È opinione comune il credere che l’antispecismo o, se si vuole, più comunemente l’animalismo sia un movimento teso esclusivamente a rivendicare i diritti delle specie non-umane, spesso senza riflettere che già il ritenere l’animalità come condizione opposta all’umano indichi forse la più grave forma di specismo.
Già, perché il prerequisito, per una cultura chiaramente aspecista, poggia sul riconoscimento di una comune appartenenza nell’animalità. Questo non significa negare uno specifico per l’essere umano, ma estenderlo a ogni animale, ritenendo l’appartenenza nient’altro che un modo particolare di declinare il proprio essere-animale. Ma il punto è un altro.
È lo stesso errore di chi considera la cultura vegan come una scelta alimentare, quando non addirittura una dieta, e non uno stile di vita. Per molti l’animalista è colui che si occupa degli animali o, al limite, dell’animalità, dando per accettate le classiche opposizioni della tradizione umanista.
Perché ci ostiniamo a parlare di “animali”, come se esistesse veramente una categoria omogenea di esseri viventi capaci di fungere da controtermine all’umano?
A ben vedere tale impostazione non riguarda solo gli eterospecifici ma diventa il leitmotiv di ogni forma di emarginazione, sfruttamento, colonialismo, sottomissione. Si tratta di un’operazione che ha come espressione esemplare l’idea umanistica di un’entità universale – l’Uomo di Vitruvio di Leonardo da Vinci – centro gravitazionale al cui cospetto ogni ente deve accettare di venir misurato e assegnato a un luogo orbitale, la cui distanza dal fulcro indica parimenti il grado di differenza e l’indice di inferiorità.

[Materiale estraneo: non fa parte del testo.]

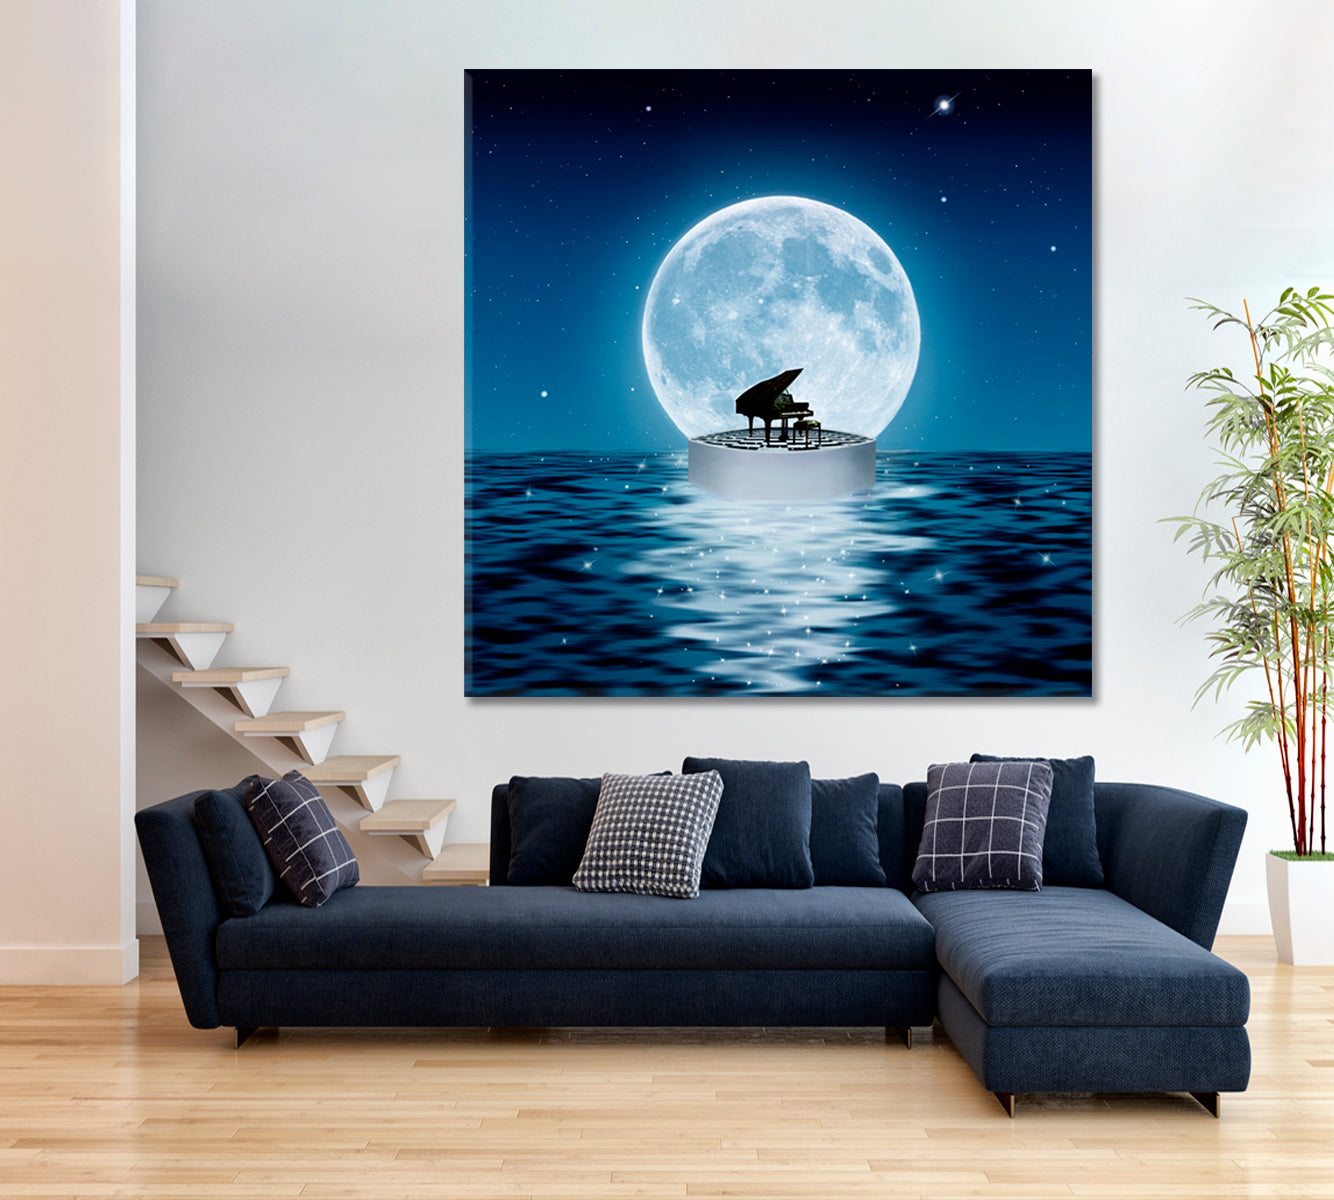 OCEAN AT NIGHT Piano Floating Surreal Fantasy Large Art Print Décor Artesty   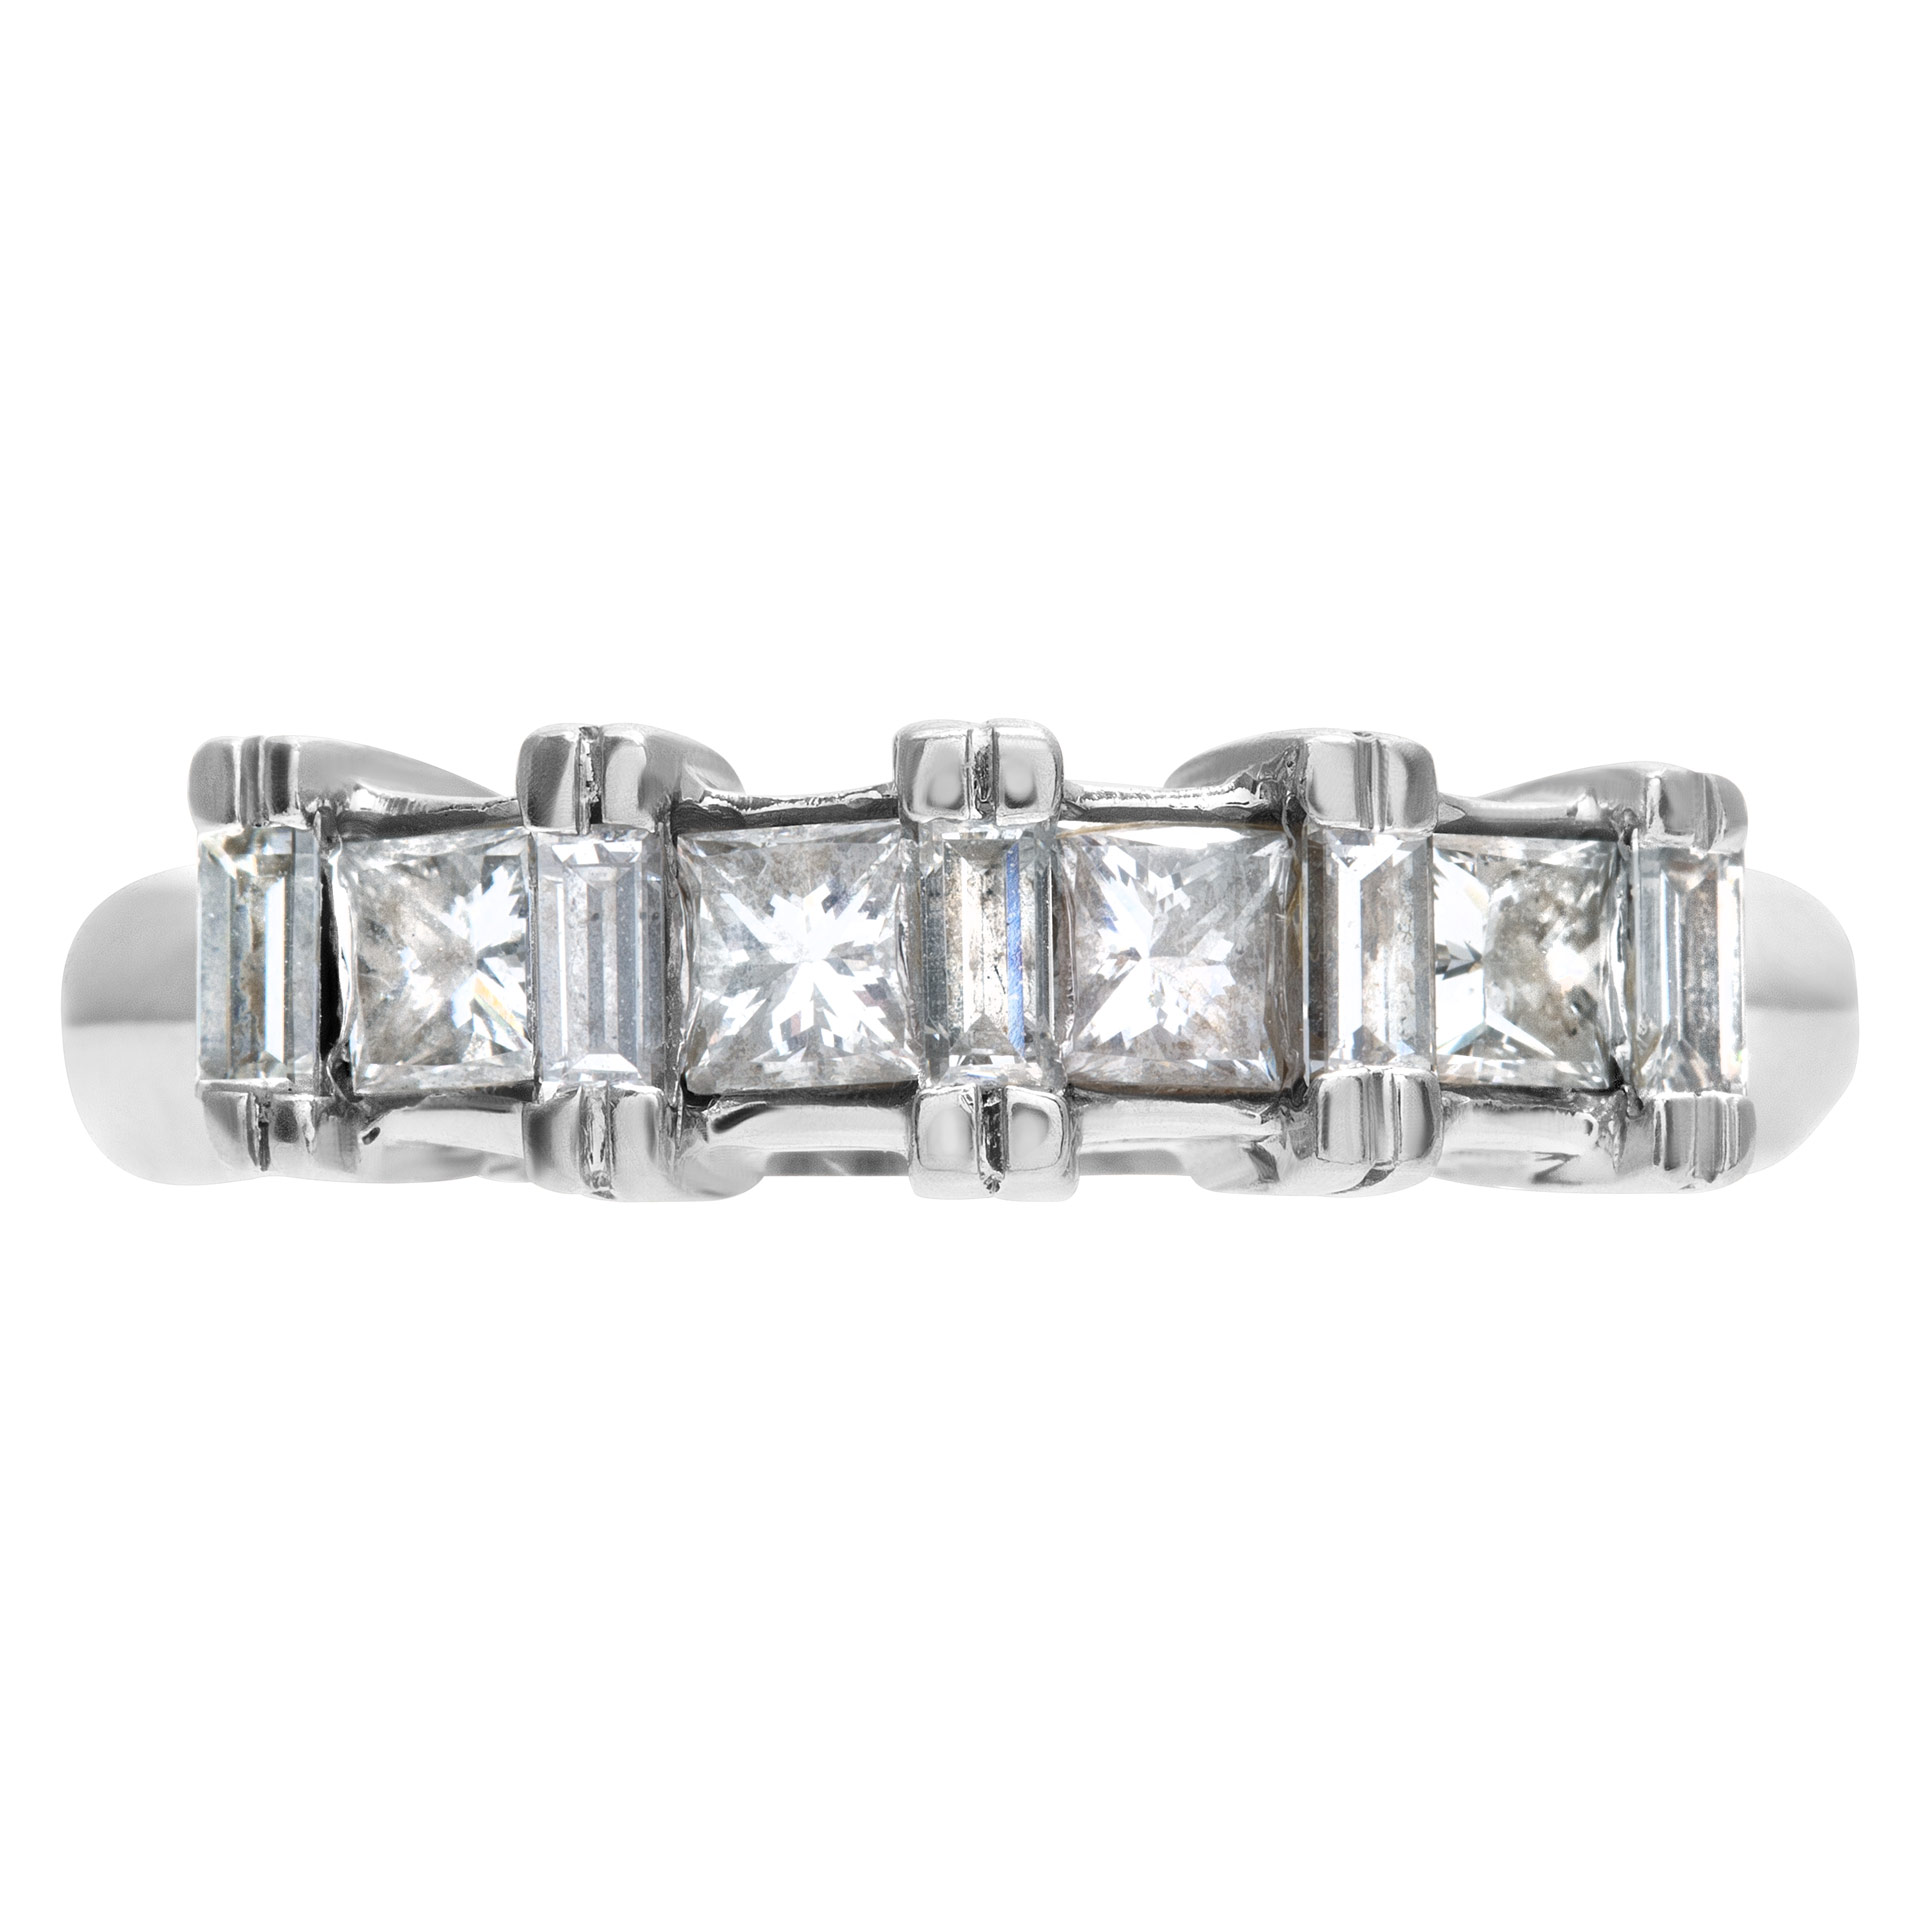 Fancy 14k white gold Ring with 0.85 cts of princess cut diamonds and baguettes.

Identificare una meta incarnata, quel corpo centro dell’universo, rappresentò per gli Umanisti il modo per trasferire la dottrina della salvezza nel mito del progresso attraverso un ideale universale. Tuttavia questo significò enfatizzare quelle tendenze di rifiuto e stigmatizzazione della diversità già presente nella cultura ellenica nel concetto di oi barbaroi. Abbattere la dialettica dell’esclusione significa sostanzialmente: 1) mettere in discussione queste coppie oppositive, dimostrando il loro carattere strumentale, attraverso l’apertura di un panorama assai più complesso di varietà e parimenti la messa in luce di confini sfumati e di transizioni tra le diverse polarità; 2) rimarcare il carattere inclusivo e ibridativo di ogni evento dialogico e relazionale, che non determina mai un riconoscimento identitario per opposizione, ma sempre una contaminazione.
In realtà ci troviamo di fronte a un’interpretazione della natura fortemente piegata allo scopo di sostenere quanto già dato in premessa, attraverso acrobazie tautologiche, del tipo “l’uomo è superiore agli animali perché è umano”, vale a dire perché presenta una serie di qualità che sono caratteristiche della nostra specie. Sarebbe come dire che “un bianco è superiore a un nero perché è bianco”. L’appello alle leggi della natura è quanto mai fruibile per dimostrare qualunque tesi, giacché in natura possiamo riscontrare ogni eventualità.
La natura non ha un’ideale da raggiungere, una salvezza trascendente o un progresso, non stabilisce norme e non conosce il concetto di perfezione, perché nel grande calderone della vita ogni cosa viene continuamente messa in discussione. Essere antispecista significa pertanto avere un’idea completamente diversa della natura, assai meno statica e conservatrice di come in genere si è soliti raffigurarla con stile oleografico.
E soprattutto significa abbandonare, insieme a ogni forma di pregiudizio, l’appello alla normalità, perché già in esso si nasconde la madre di tutte le forme di emarginazione.